* **Exercise brief**: Skip the pictures. Retype exactly, and only, the lines between the line holding "Waxhaw Rock Store BBQ" and the last line below, inclusive.

* **Supplied data**:
__________________________________________________

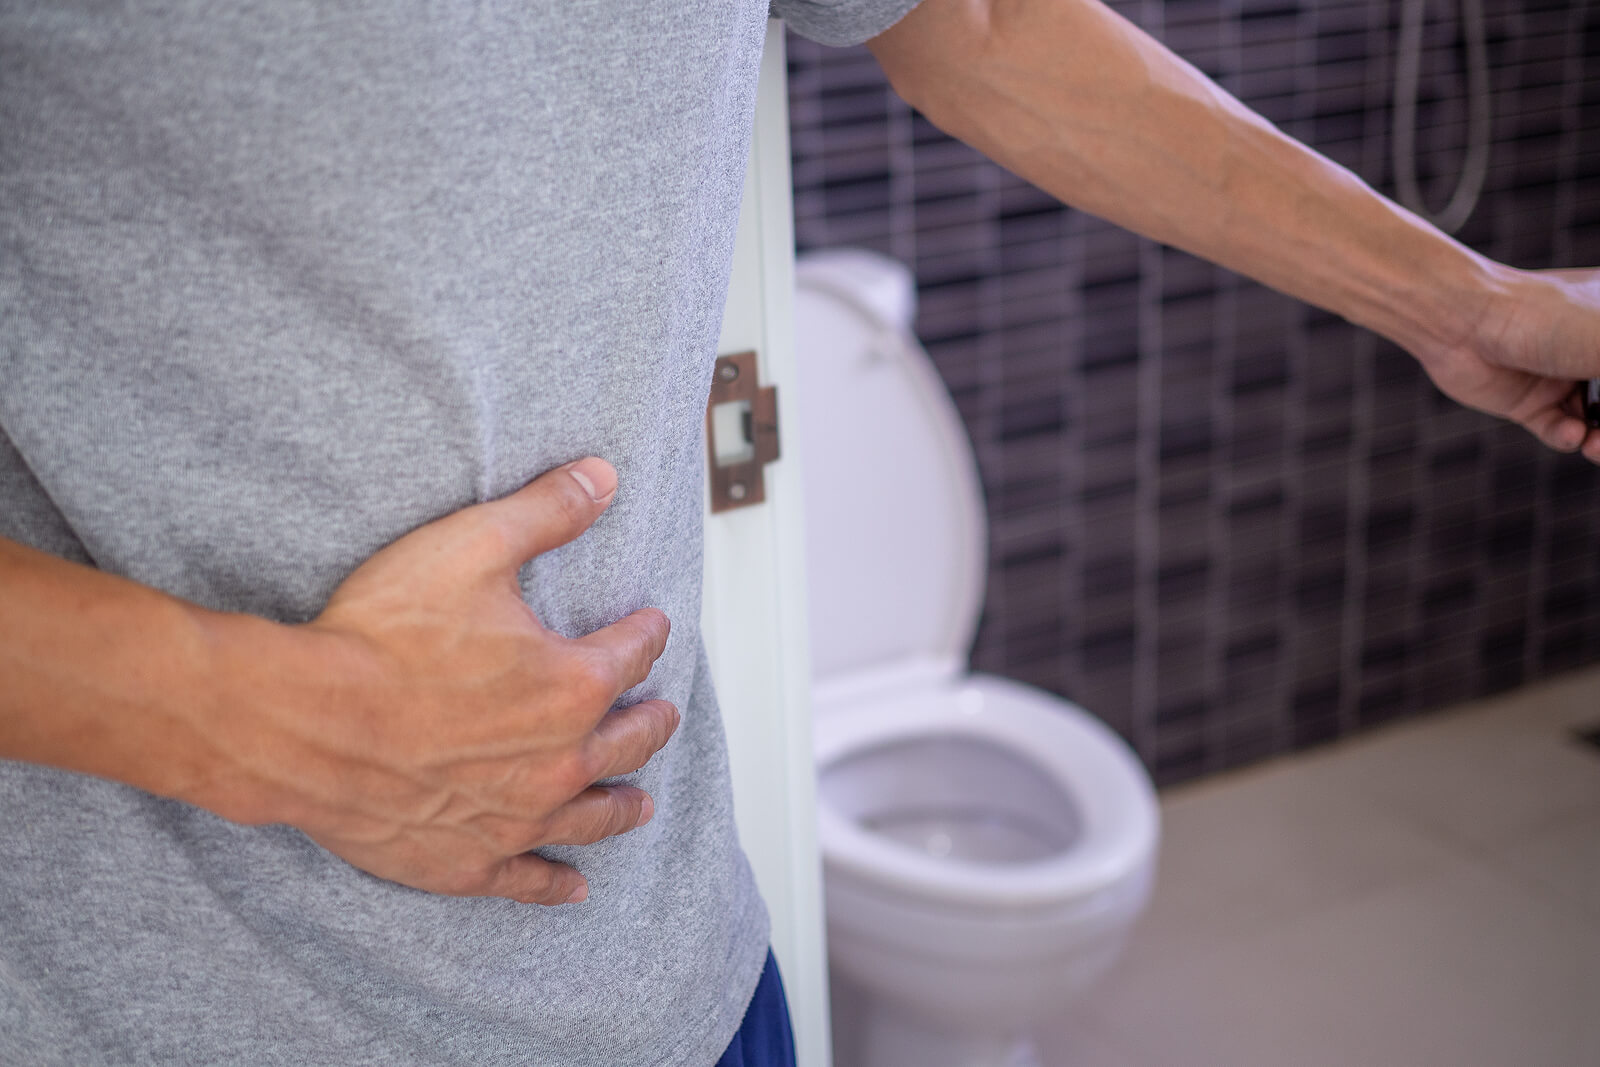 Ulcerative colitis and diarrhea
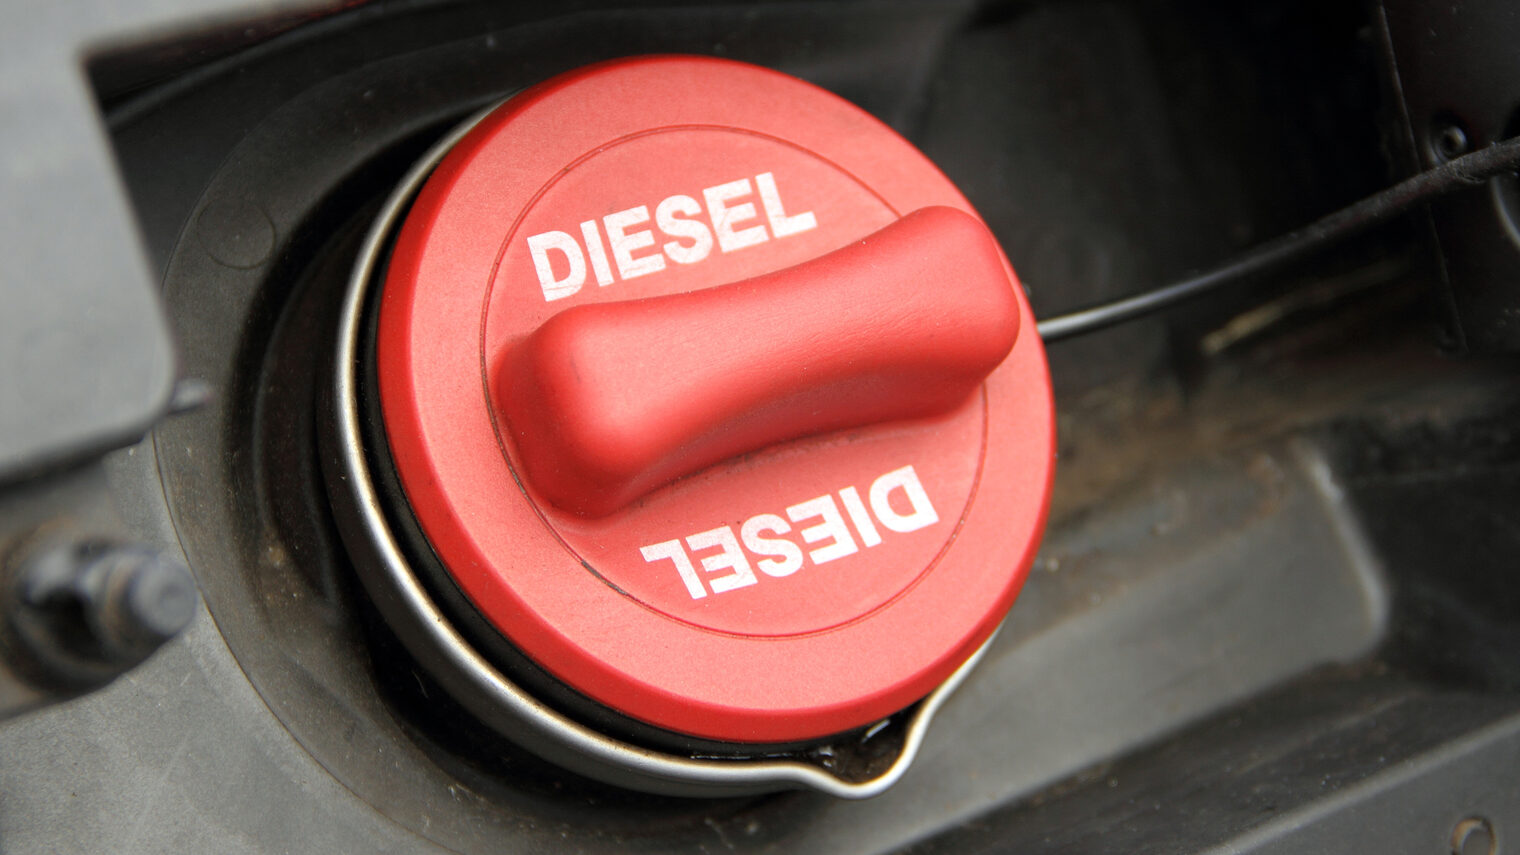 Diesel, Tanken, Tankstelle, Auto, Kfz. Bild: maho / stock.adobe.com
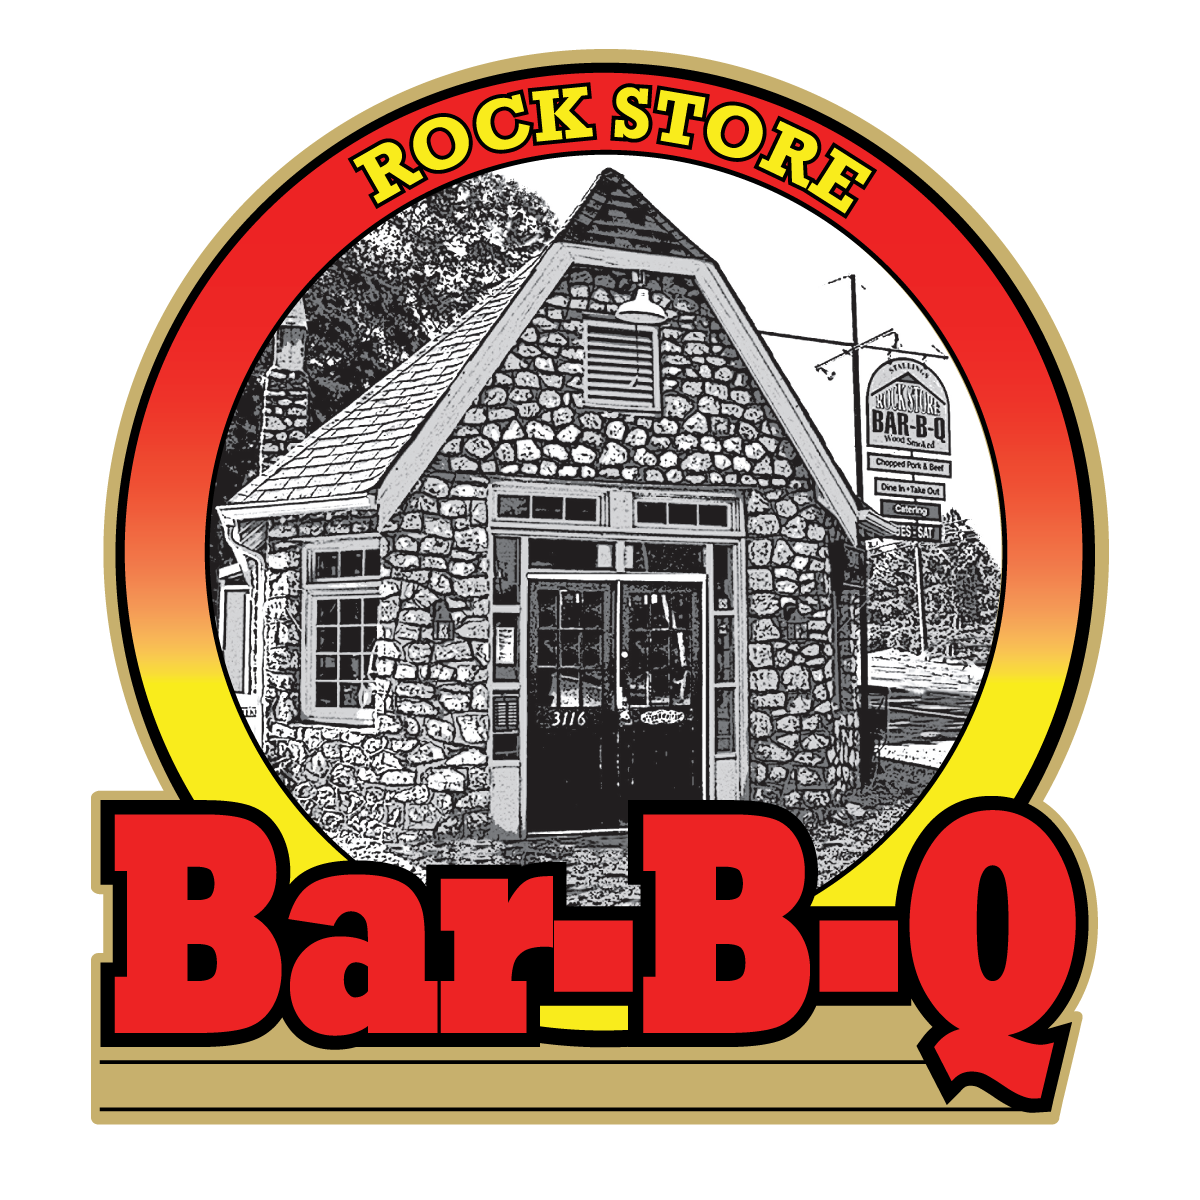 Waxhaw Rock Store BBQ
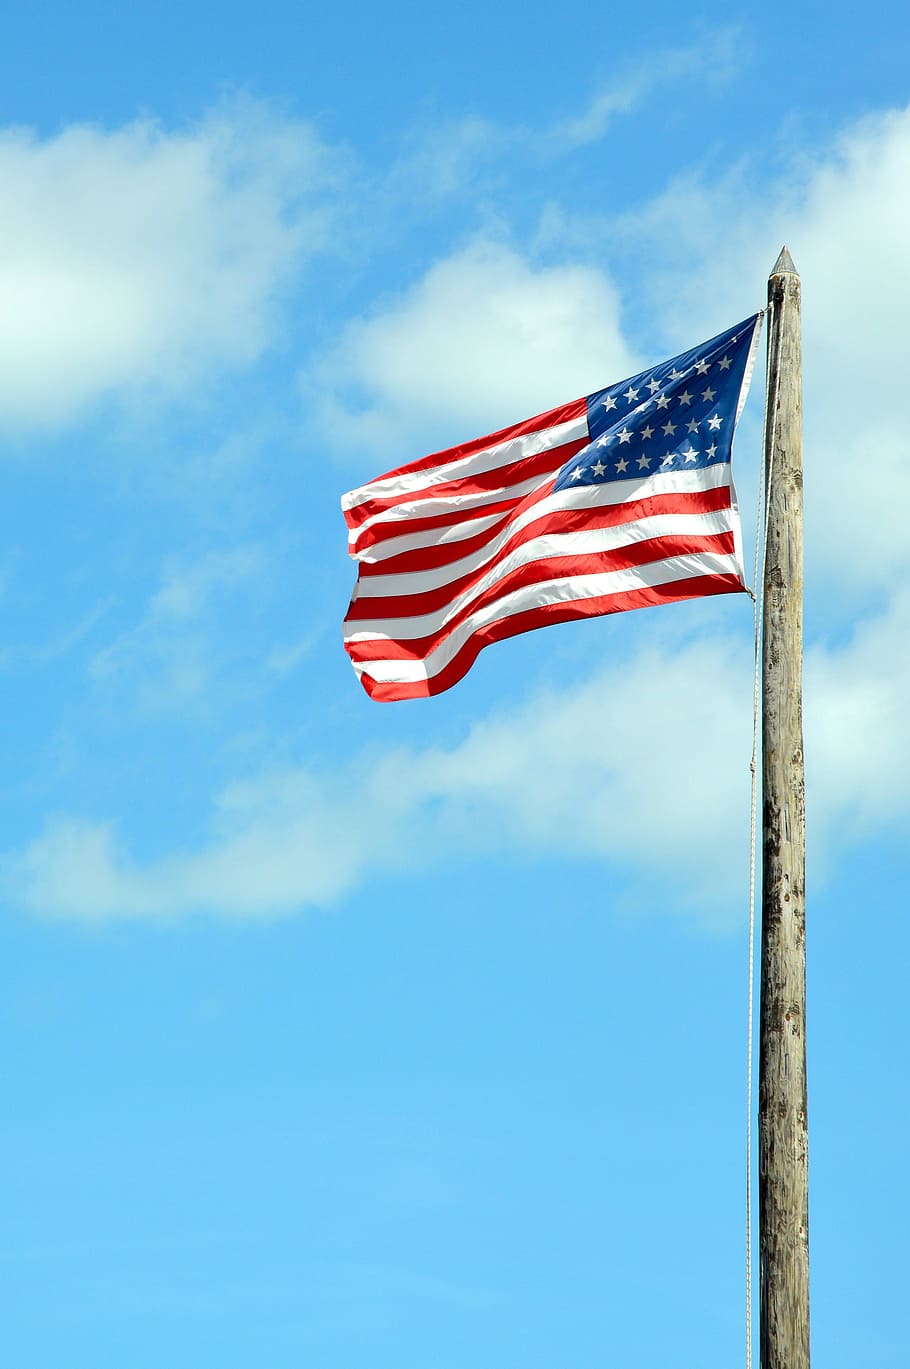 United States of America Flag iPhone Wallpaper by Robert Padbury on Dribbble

__________________________________________________

* **Solution to this task**:
 Waxhaw Rock Store BBQ
 United States of America Flag iPhone Wallpaper by Robert Padbury on Dribbble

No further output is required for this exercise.